Using that framework, the Board found that investigative confidentiality rules, which are limited to the duration of the investigation, fall into Category 1 and do not require engaging in a case-by-case balancing of employer and employee interests. The Board noted the employer justifications for the rules significantly outweigh the slight effect on employee rights to discuss their own or their fellow employees’ discipline. The Board found the rules do not broadly prohibit employees from discussing discipline or incidents that could result in discipline. Instead, they rather narrowly require that participating employees not discuss investigations of incidents or interviews conducted during the course of investigations. 

However, the rule in Apogee Retail is not limited on its face to open investigations. The NLRB noted most employer justifications requiring confidentiality during investigations apply while the investigation is ongoing. Therefore, the NLRB held that rules regarding investigation confidentiality not specifically limited to the duration of the investigation fall into Category 2, which requires a case-by-case balancing of employer and employee interests. The NLRB remanded the case for further proceedings for specialized scrutiny of the rule under the facts of the case.

Employers should immediately review their handbooks and other employment policies regarding workplace investigations. The NLRB has made clear that employer policies regarding confidentiality during investigations will only be presumptively lawful during an open investigation.
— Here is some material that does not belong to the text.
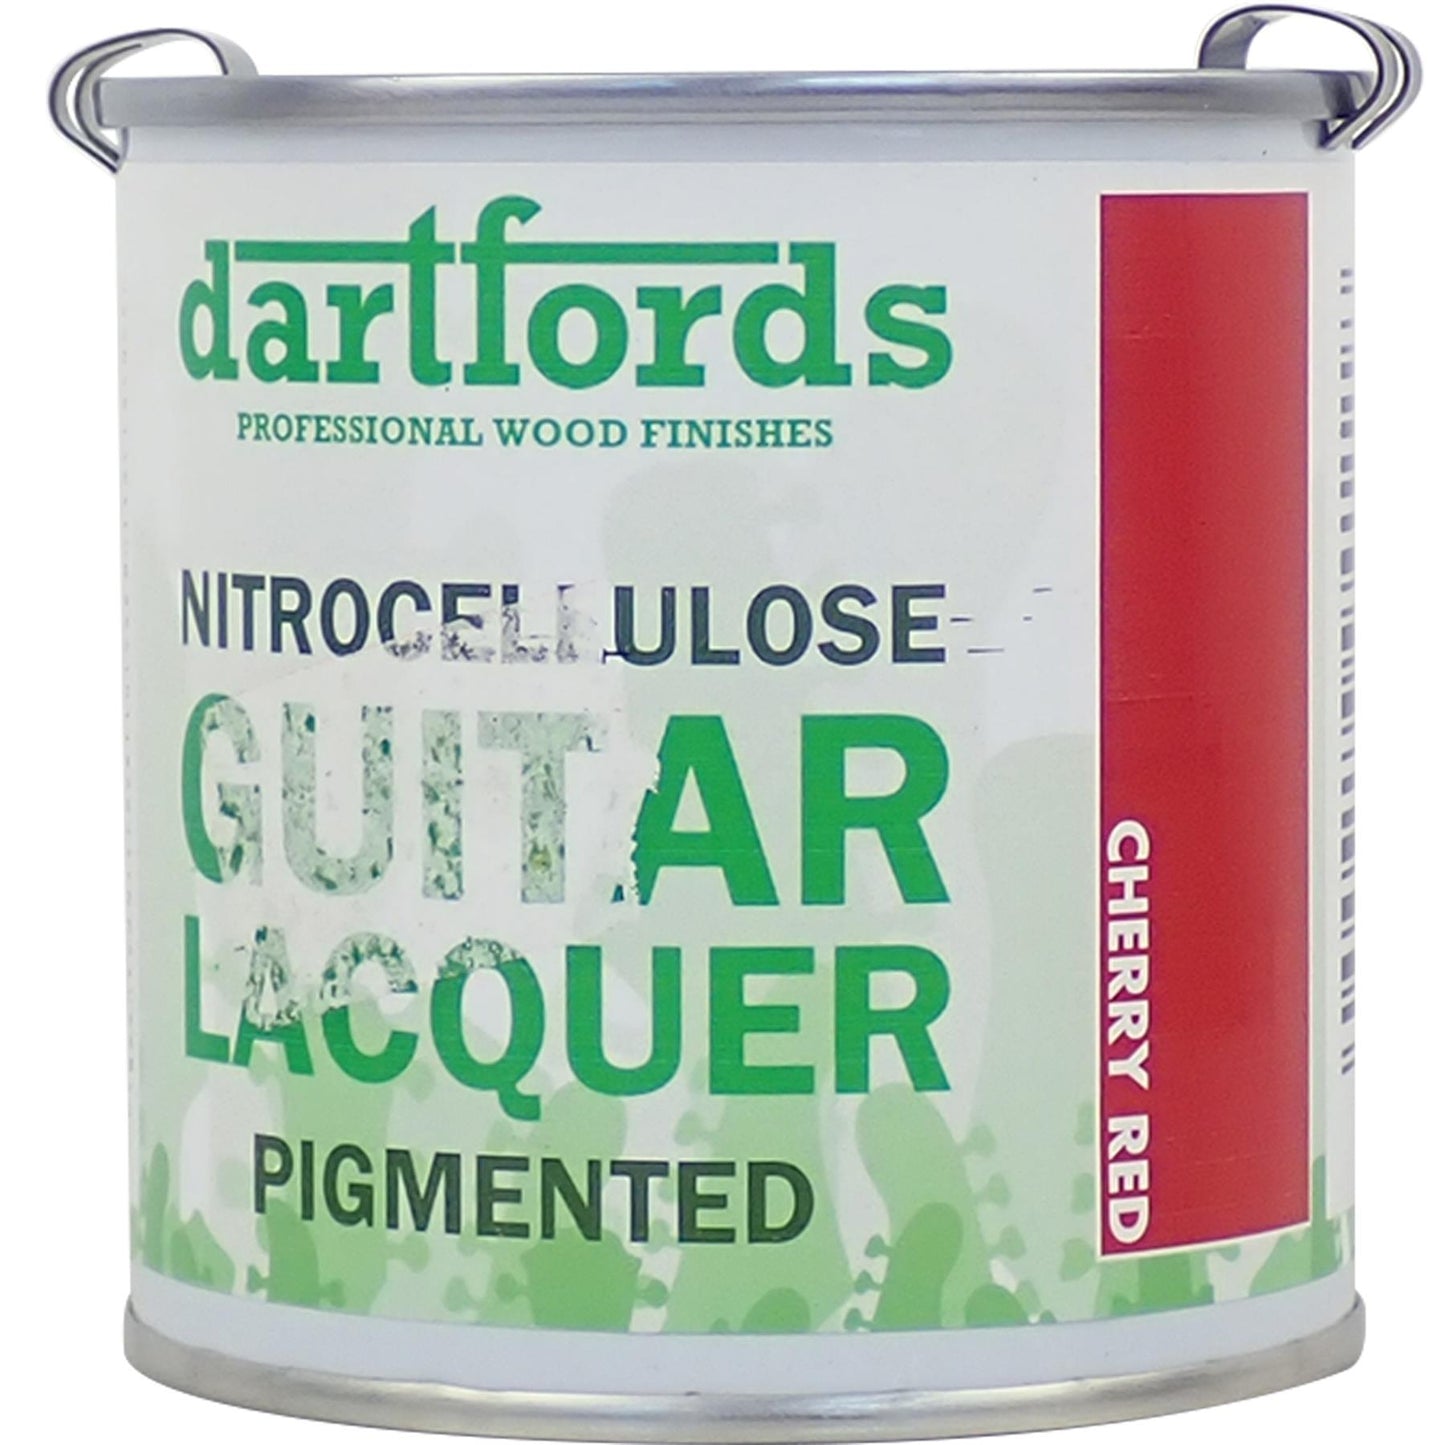 dartfords Cherry Red Pigmented Nitrocellulose Guitar Lacquer - 230ml Tin
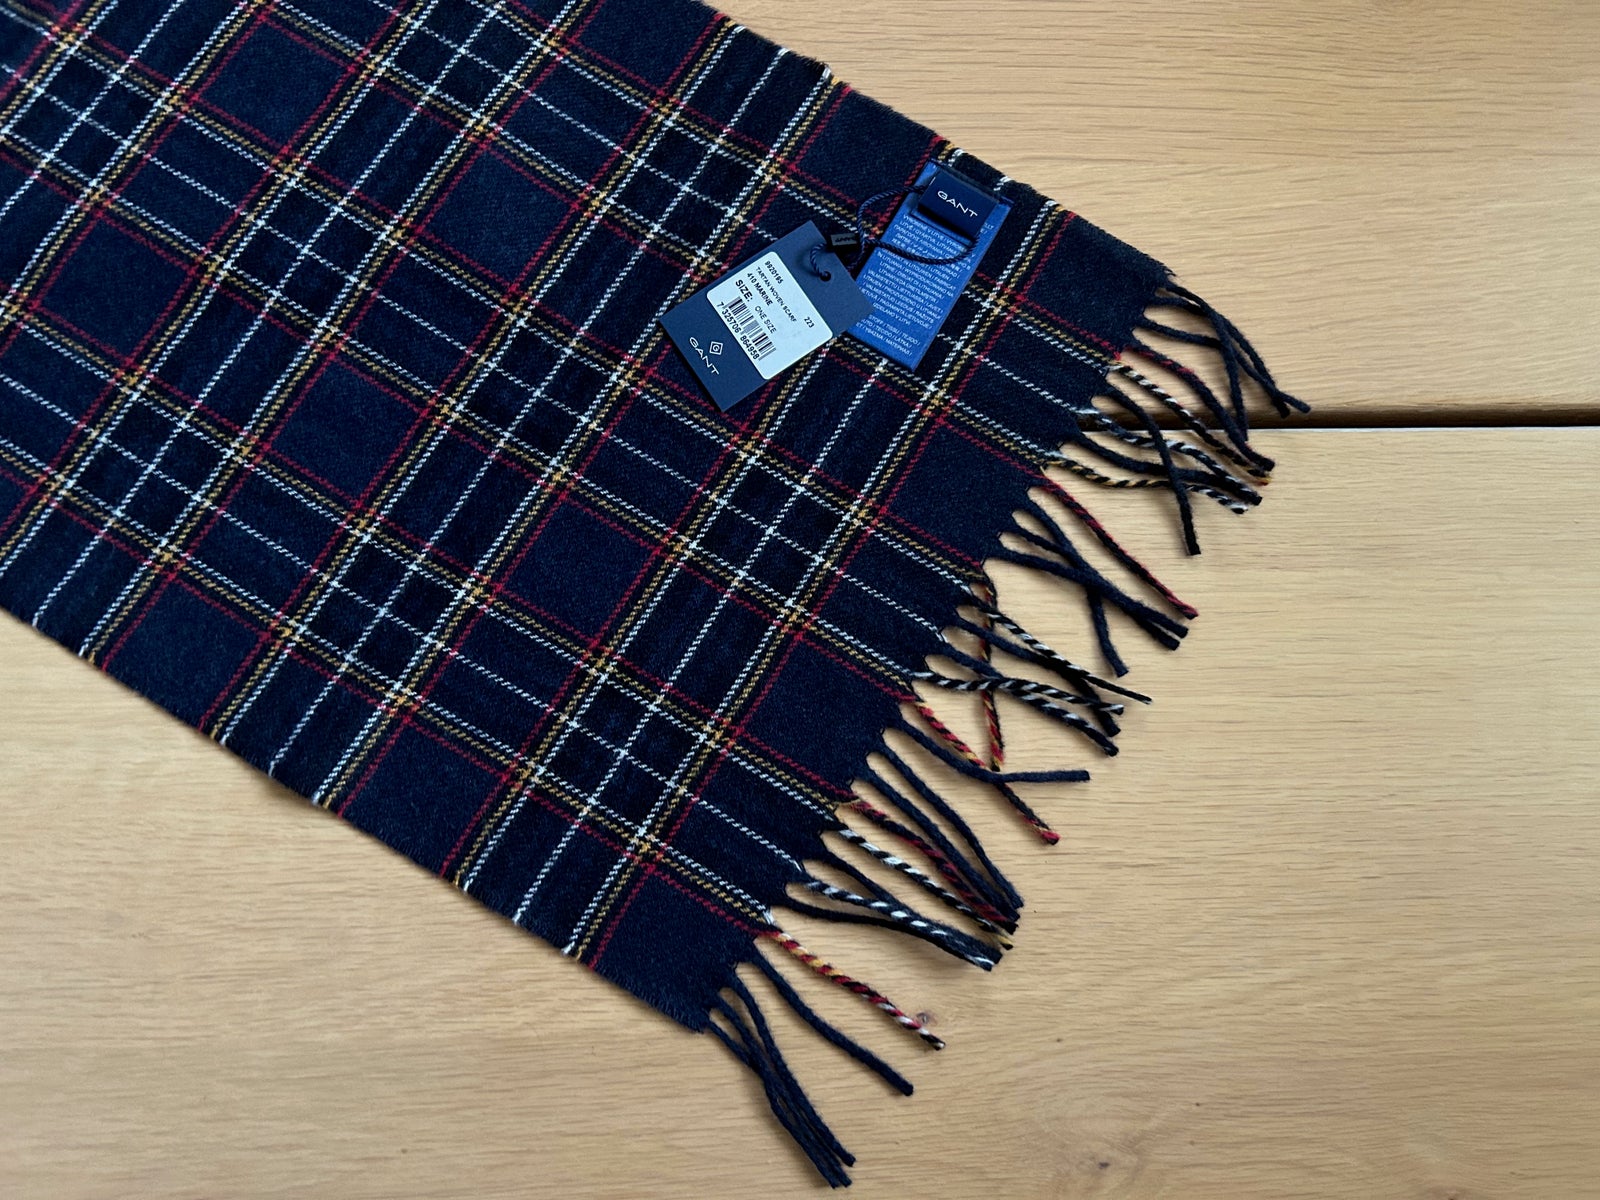 Halstørklæde, GANT, str. 30 x 180 cm

Moreover, employer policies may only require confidentiality from participants in the investigation and may not prohibit any employees from discussing the incidents upon which the investigation is based.

Employer Email for Union Activities

The second critical NLRB opinion, decided on December 16, 2019 in a 3-1 decision split along party lines, restored to employers the right to restrict employees from using company email systems for nonbusiness purposes.  The decision, issued in Caesars Entertainment Corp., reverses the NLRB’s 2014 ruling in Purple Communications, which held that workplace rules prohibiting employee email use for union activity were presumptively invalid under Section 7 of the National Labor Relations Act (Section 7).  Because Section 7 applies to all employers, not just unionized ones, this NLRB ruling affects almost every U.S. employer that provides a corporate email system.

The Caesars ruling effectively reinstates the NLRB’s 2007 decision in Register Guard, which held that because a corporate email system is the employer’s property, an employer may ban all non-business email communications, including communications protected by Section 7.  Specifically, in Caesars, the majority said, “Employees have no statutory right to use employer equipment, including IT resources, for . . . Section 7 purposes.”  However, the decision does add an exception to the Register Guard standard, allowing employees to use company email when it is “the only reasonable means for employees to communicate with one another.”

The current NLRB majority concluded that Section 7 does not grant employees a statutory right to engage in Section 7 protected concerted activity by way of company-owned email systems.  In so holding, the NLRB found, “in the typical workplace . . . oral solicitation and face-to-face literature distribution provide more than ‘adequate avenues of communication.’”

Under Caesars, employer policies prohibiting all personal use of company email systems are to be deemed “facially neutral” and, as such, presumptively lawful under Section 7.  Employers should keep in mind, however, that spotty enforcement of a “business only” rule may still result in employees having the right to discuss union organizing activities over company communication systems.  That is, employers that allow employees to discuss birthday parties, sporting events, and other non-work matters via company email or other company-owned electronic messaging system will not be able to prohibit discussions of union-related matters.  In light of the Caesars decision, employers should consider whether they are capable of enforcing a blanket “work use only” policy, and whether they would be willing to do so.